Scavo’s affidavit listing the amount of taxes paid, which Appellee claims is
supported by a “Balance History” chart listing transaction codes, but without
any legend to decipher the codes. Appellee’s Br. at 9, 11. Given the conflict
in the documents, we remand for the trial court to determine which party paid
the real estate taxes and whether the amount should be included in the total
judgment.
We additionally reject Appellant’s undeveloped challenges to the other
aspects of the court’s determination. Specifically, without citation to the
record or precedent, Appellant asserts that Appellee failed to demonstrate its
calculation of interest due; its compliance with foreclosure action
requirements; the validity of Mr. Rideout signatures on the Mortgage and
-6- J-S02026-25
Note, and the validity of the Mortgage assignments. Appellant’s Br. at 8. We
conclude that Appellant waived these bald and unsupported claims under the
Rules of Appellate Procedure. See Pa.R.A.P. 2101 (stating that an appellate
court may quash or dismiss an appeal where defects in briefing are
substantial); 2119(a-d) (requiring argument to provide pertinent discussion
and citation of authorities and record).2 Thus, Appellant fails to raise any
viable issues challenging the trial court’s grant of summary judgment on the
merits of the foreclosure action.
Accordingly, we affirm the grant of summary judgment in favor of
Appellee but vacate the in rem judgment and remand for the trial court to
reconsider the inclusion of real estate taxes in the judgment.

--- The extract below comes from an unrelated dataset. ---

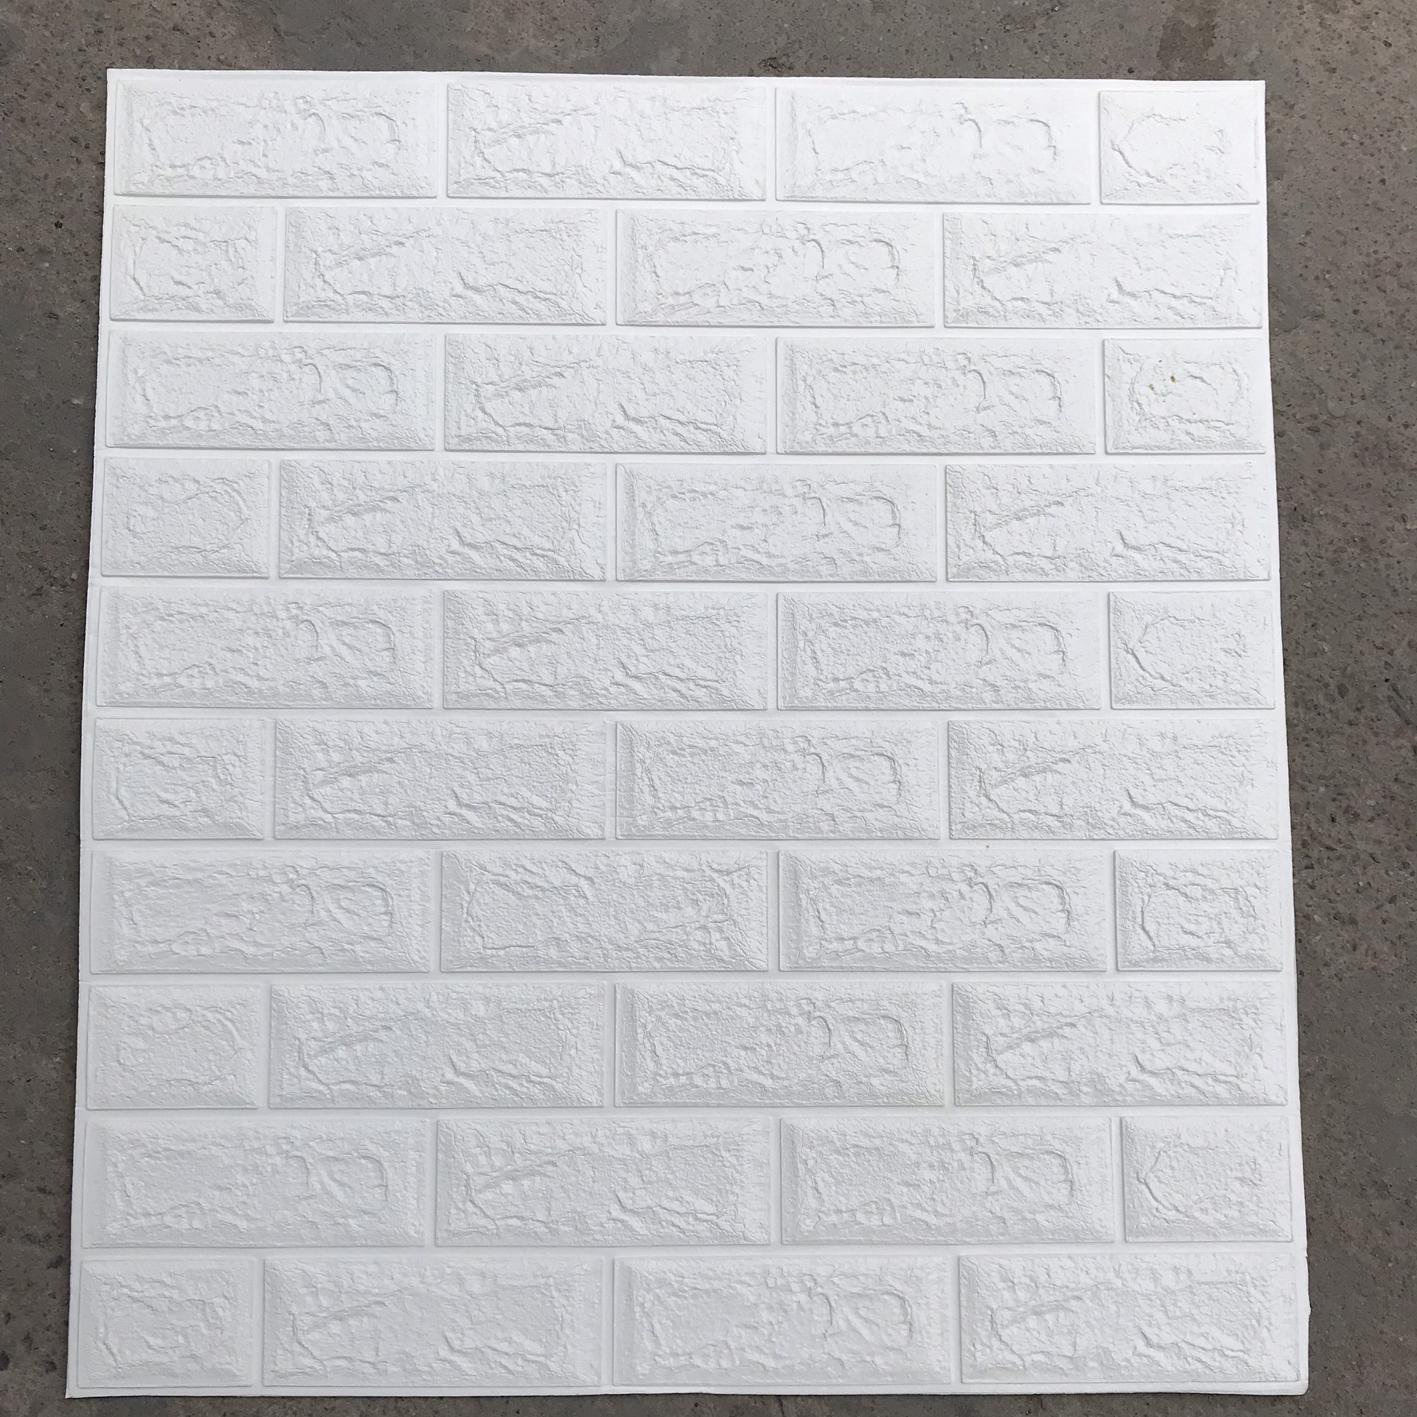 10 Tấm Xốp dán tường giả gạch 3D Bóc dán 70x77cm

Order affirmed in part and vacated in part. Case remanded. Jurisdiction
relinquished.
Date: 5/14/2025
2 Appellant also claims that she “was not given the opportunity to contest whether or not [Appellant] had acted reasonably and in good faith when it denied allowing her to assume the reverse mortgage from her deceased husband[.]” Appellant’s Br. at 4. We conclude that Appellant waived this argument as she did not raise it in her Rule 1925(b) statement. Pa.R.A.P. 1925(b)(4)(vii).